All Blacks coach Scott Robertson won’t be so silly as to underestimate the French, but he won’t love that public expectation has been shaped the way it has.
The country turned septic on Foster for losing a series to what was arguably the best Irish side in history and one that may not have been ranked number one in the world when they arrived, but were by the time they left.
Imagine how feral the nation will be if Robertson’s All Blacks lose to what is supposedly going to be a French ‘B’ team?
It’s almost like Robertson can’t win now, because even if the All Blacks sweep the series, it will be merely delivering what everyone saw as a minimum requirement.
And he won’t have much faith either that the narrative will be reshaped in the wake of France winning the Six Nations, despite the fact a few New Zealand pundits are catching on to just how good Les Bleus actually are.
Former All Black Stephen Donald, speaking on Sky’s The Breakdown, said: “We don’t know who’s coming down [on tour], but it was one of the most impressive French performances since there was all the hype around them.
“They absolutely dismantled Ireland. You talk about players who we might not know of – well I still couldn’t tell you the names of them – but the forwards coming off the bench just kept rolling through Ireland. They dismantled Ireland physically.
“We know how organised and structured Ireland are and how slick they are with ball in hand – well France took them out of it. They took them out of it physically and then Ireland didn’t have too many places to go to.”
All the pressure now sits on the All Blacks, and France, having already been written off, are effectively coming to New Zealand to have a free hit at making history.
Starting the 2025 season against a dangerous French team will be as hard as the three-Test series the 2022 All Blacks endured against Ireland.
But where the danger factor seems higher still for the 2025 All Blacks is that they must then head to Argentina for two Tests – a tricky but winnable assignment – before returning to New Zealand and taking on the Springboks in successive weekends.

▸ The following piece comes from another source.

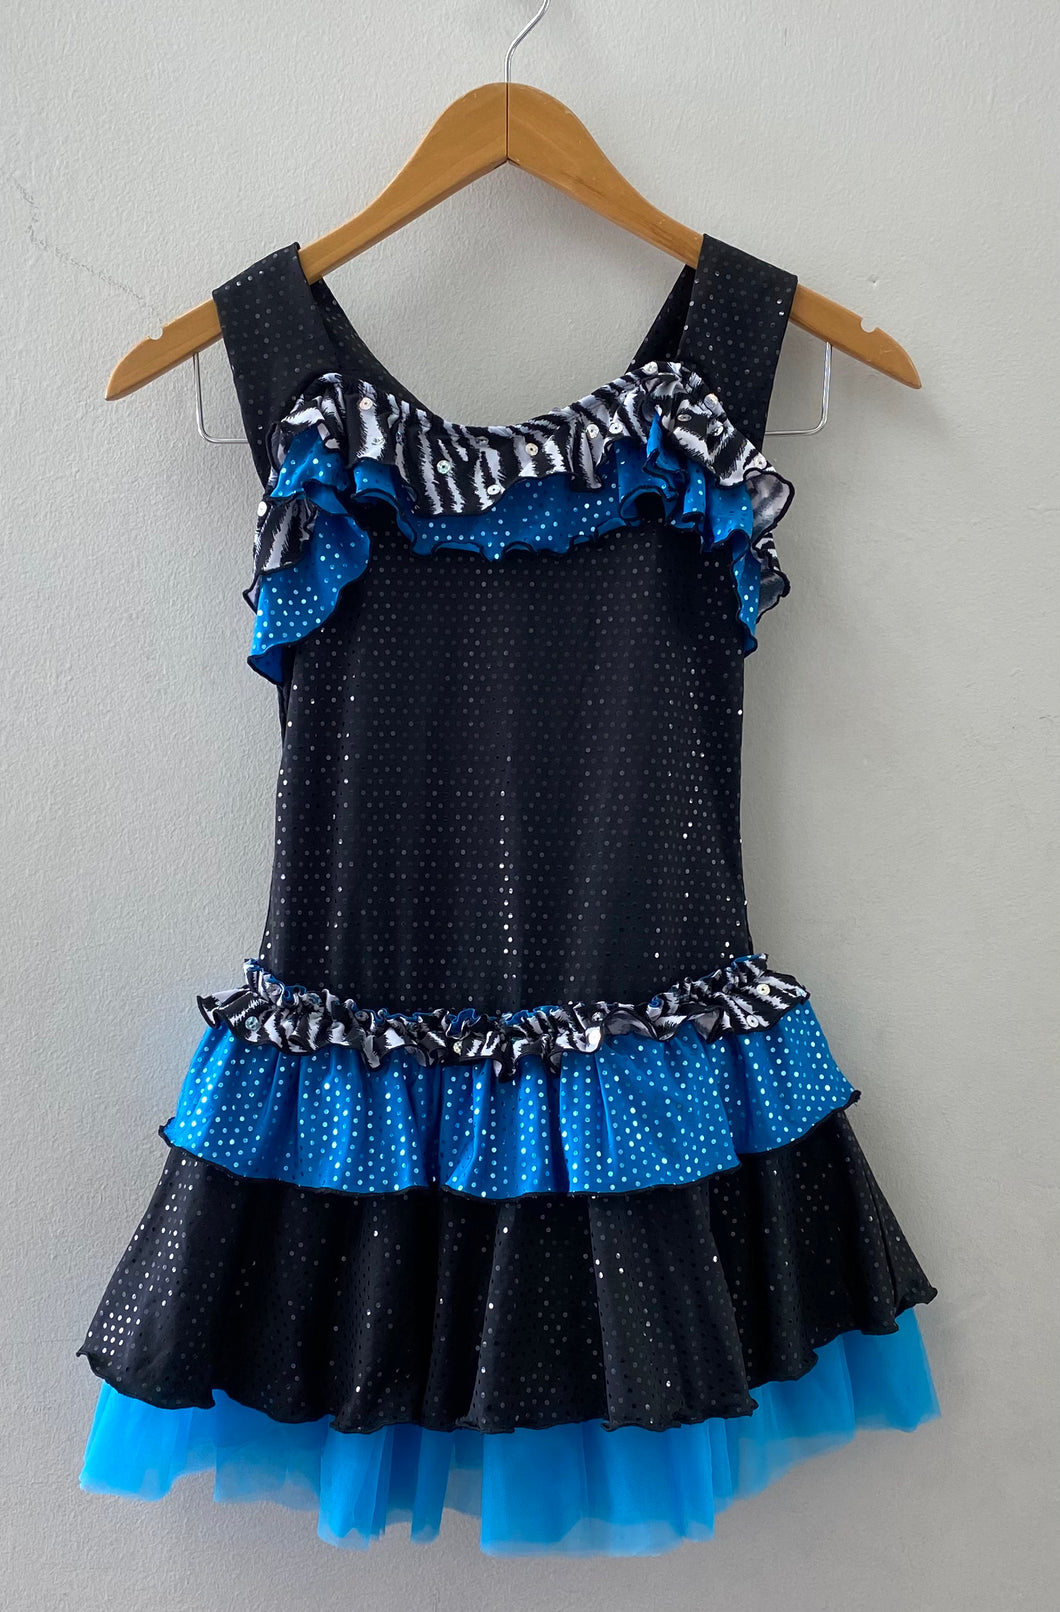 Black & Blue Dress with Zebra Print Details
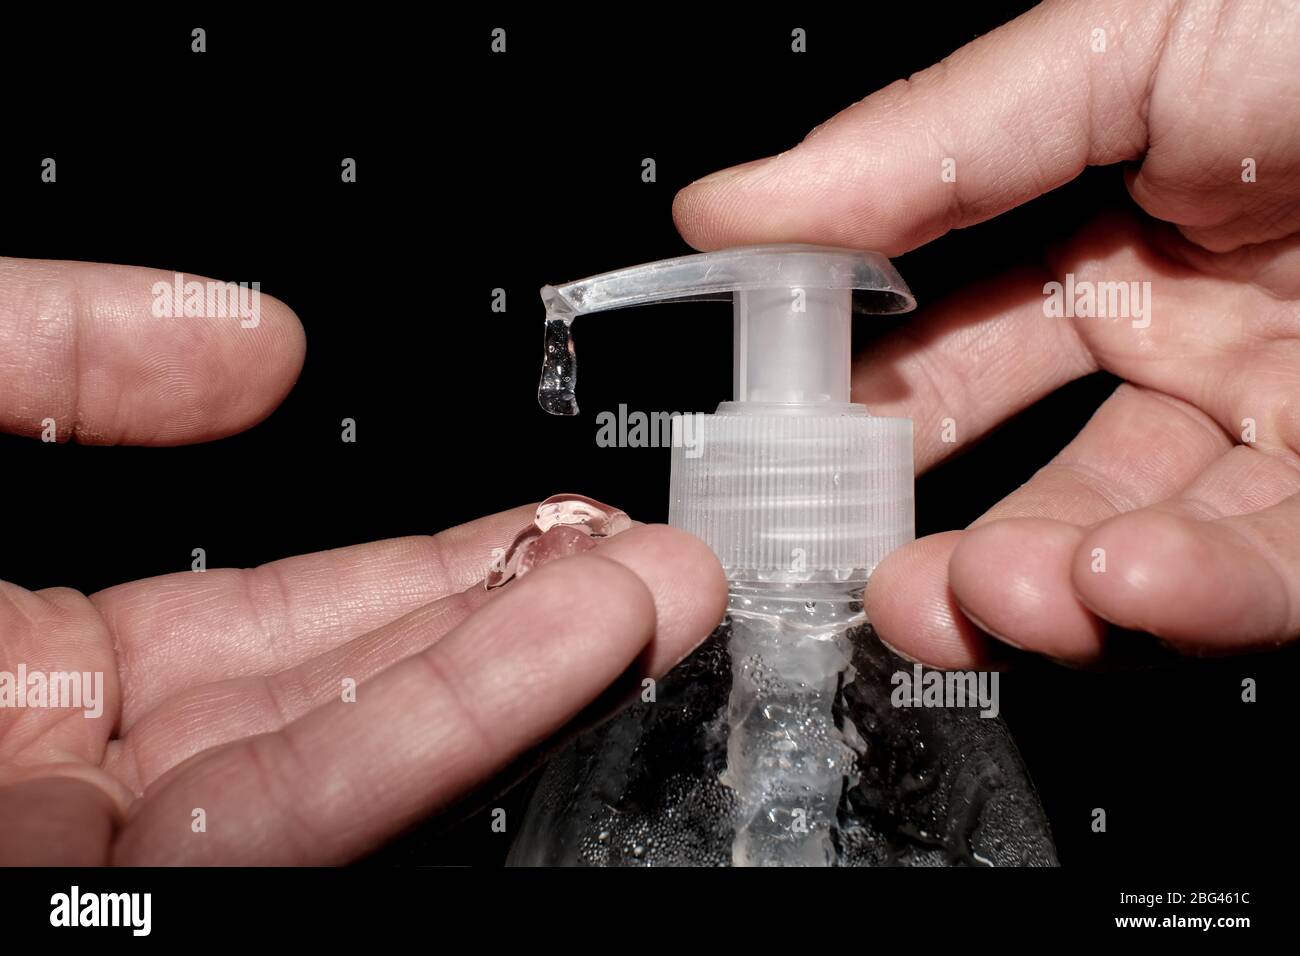 Man sanitize hand with alcohol hand sanitizer dispenser,corona virus covid19 infection disease Stock Photo

The All Blacks of 2022 lost three of their first five tests, and four of their first seven and such a scenario repeating in 2025 is not inconceivable, because the Boks are clearly going to come highly motivated to end New Zealand’s 31-year unbeaten run at Eden Park.
None of this is an attempt to predict the future, or to write off the All Blacks as a failing franchise, but to merely highlight the difficulty of what lies ahead and the lack of wider acknowledgement about how tough 2025 is going to be.
The real kicker, perhaps, in all this is that the Wallabies are also likely to present a much stiffer challenge come late September and early October when the Bledisloe Cup is played, and with Tests to follow against Ireland, Scotland and England, the only absolute sitter for the All Blacks will be their last match in Cardiff.
It is of course entirely possible that the All Blacks will sweep through the year in majestic fashion and win the lot, but what seems more likely is that by the end of this year, the events of 2022 may have to be reconsidered and regraded as less catastrophic.
The old days of the All Blacks winning 90 per cent of their Tests over a World Cup cycle and going through an entire calendar year unbeaten, as they did in 2013, are long gone.
The new reality for the All Blacks, given the improved relative strength of the top eight nations, is that a 70 per cent win ratio is a solid return.
Even last year there was evidence to cast 2022 in a different light. The All Blacks lost four Tests in 2024 – the same number they did in 2022 – and yet there was an element of Robertson being given some leeway given it was his first year at the helm.
But if the results have a similar hue in 2025, the country will need to decide whether to start agitating for changes in the same way it did in 2022, or be prepared to reconsider what an acceptable win ratio benchmark is for the All Blacks in the current era.